In 2018, ThreadKit was last updated on December 28 by mrbass, a user on a dark web forum, to include vulnerability CVE-2018-15982 (a more recent Adobe zero-day vulnerability), which continued to be sold for $400, as seen below.
UnderMiner, which exploited two of 2018’s top vulnerabilities — CVE-2016-0189 and CVE-2018-4878 — made a resurgence in the latter part of 2018. Like ThreadKit, UnderMiner took advantage of, and was the first to exploit, the zero-day vulnerability CVE-2018-15982 in late December 2018.
RATs in Focus
Sisfader is the only RAT that first emerged in 2018 and was associated with a top vulnerability, with its exploit of CVE-2017-8570. The RAT maintains persistence by installing itself as a service when launched from malicious RTF files. According to available sources, there was no evidence of Sisfader for sale.
|RATs||Cyber Vulnerability Count|
QuasarRAT was associated with the most vulnerabilities, including, most notably, those in Trillium’s Security Multisploit Tool. This RAT, which has been active since 2011, continues to show its viability in a variety of attacks, including spearphishing attacks on government organizations.
Outlook and Recommended Actions
Official vulnerability databases, and even scanning tools, cannot arm organizations with one key metric: the overlap between the vulnerabilities in the systems you use and the ones that are being actively exploited by threat actors. The goal of this annual list is to provide an account of the most widely adopted vulnerability exploits, in addition to some recommended actions:
- Prioritize patching of all the vulnerabilities identified in this post.
- Do not forget to patch older vulnerabilities — the average vulnerability stays alive for nearly seven years.
- Remove the affected software if it does not impact key business processes.
- Consider Google Chrome as a primary browser.
- While Flash Player is going away and more sites increasing have removed this technology from its site, continue to heed caution with websites that don’t.
- Utilize browser ad-blockers to prevent exploitation via malvertising.
- Frequently back up systems, particularly those with shared files, which are regular ransomware targets.
- Users and organizations should conduct or maintain phishing security awareness to mitigate attacks.

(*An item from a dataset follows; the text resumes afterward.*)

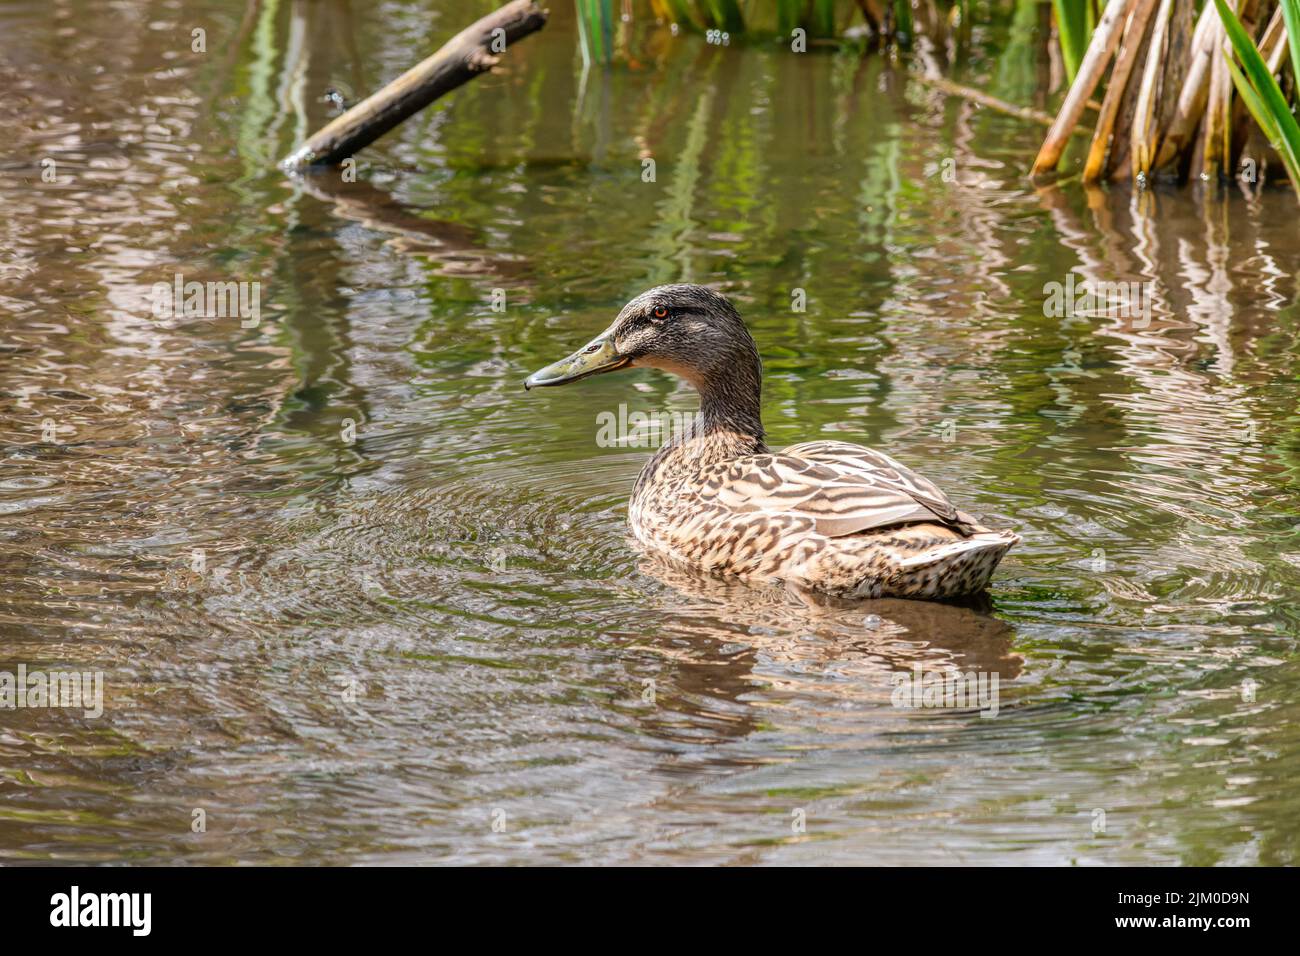 A closeup shot of a brown mallard duck swimming in a pond Stock Photo

- Companies should deliver user training to encourage skepticism of emails requesting additional information or prompting clicks on any links or attachments. Companies will not generally ask customers for personal or financial data, but when in doubt, contact the company directly by phone and confirm if they actually need the information.